Guide to Italy’s 90-day extension possibility for TP documentation

International Tax Review is part of Legal Benchmarking Limited, 4 Bouverie Street, London, EC4Y 8AX

Copyright © Legal Benchmarking Limited and its affiliated companies 2025

Accessibility | Terms of Use | Privacy Policy | Modern Slavery Statement

Guide to Italy’s 90-day extension possibility for TP documentation

Sponsored by

Sponsored_Firms_crowe_valente.jpg
Computer and clock

Federico Vincenti and Carola Valente of Valente Associati GEB Partners/Crowe Valente explain how taxpayers can gain extra time to complete transfer pricing documentation and thus take advantage of Italy’s ‘penalty protection regime’

Taxpayers that closed their fiscal year on December 31 2023 must submit their tax return by October 31 2024, indicating in it the availability (or the absence) of transfer pricing documentation.

Transfer pricing documentation in Italy is not mandatory, but it allows companies to benefit from the so-called penalty protection regime (starting from September 1 2024, penalties in the event of transfer pricing adjustments for intragroup transactions without the presence of transfer pricing documentation amount to 70% of the additional taxes assessed).

However, for companies that are unable to complete the transfer pricing documentation (with the digital signature of the legal representative and the application of the timestamp) by the October 31 deadline, it will be possible to benefit from a 90-day extension.
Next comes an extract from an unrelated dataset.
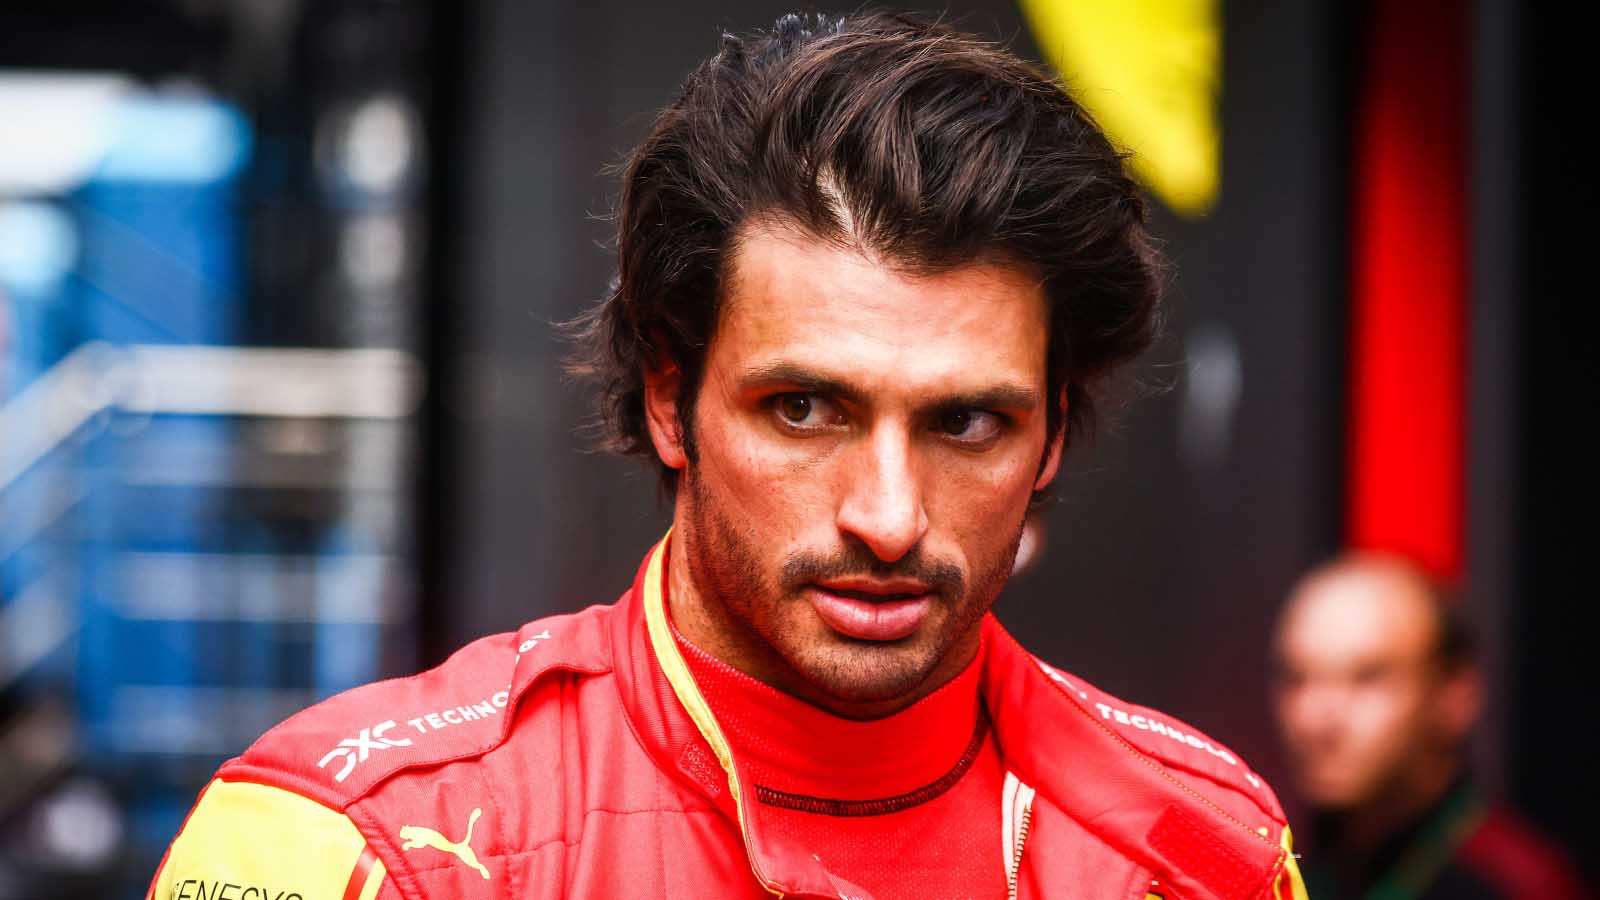 Italian Grand Prix Carlos Sainz takes stunning pole for Ferrari at

In that case, it will be possible to:

  • File the 2023 income tax return by October 31 2024, without indicating the possession of transfer pricing documentation;

  • Subsequently complete the transfer pricing documentation within the following 90 days;

  • Digitally sign the transfer pricing documentation with a timestamp; and

  • After signing, proceed with filing an amended tax return to indicate the availability of the transfer pricing documentation.

Therefore, it is possible to prepare the transfer pricing documentation by January 29 2025.

This extension could be particularly useful for Italian subsidiaries of foreign groups that require information and documentation from the parent company, but whose country of residence has deadlines for finalising the transfer pricing documentation that differ from the Italian deadline. For example, consider Italian subsidiaries that intend to use the group master file prepared at a central level but not yet available by October 31 2024.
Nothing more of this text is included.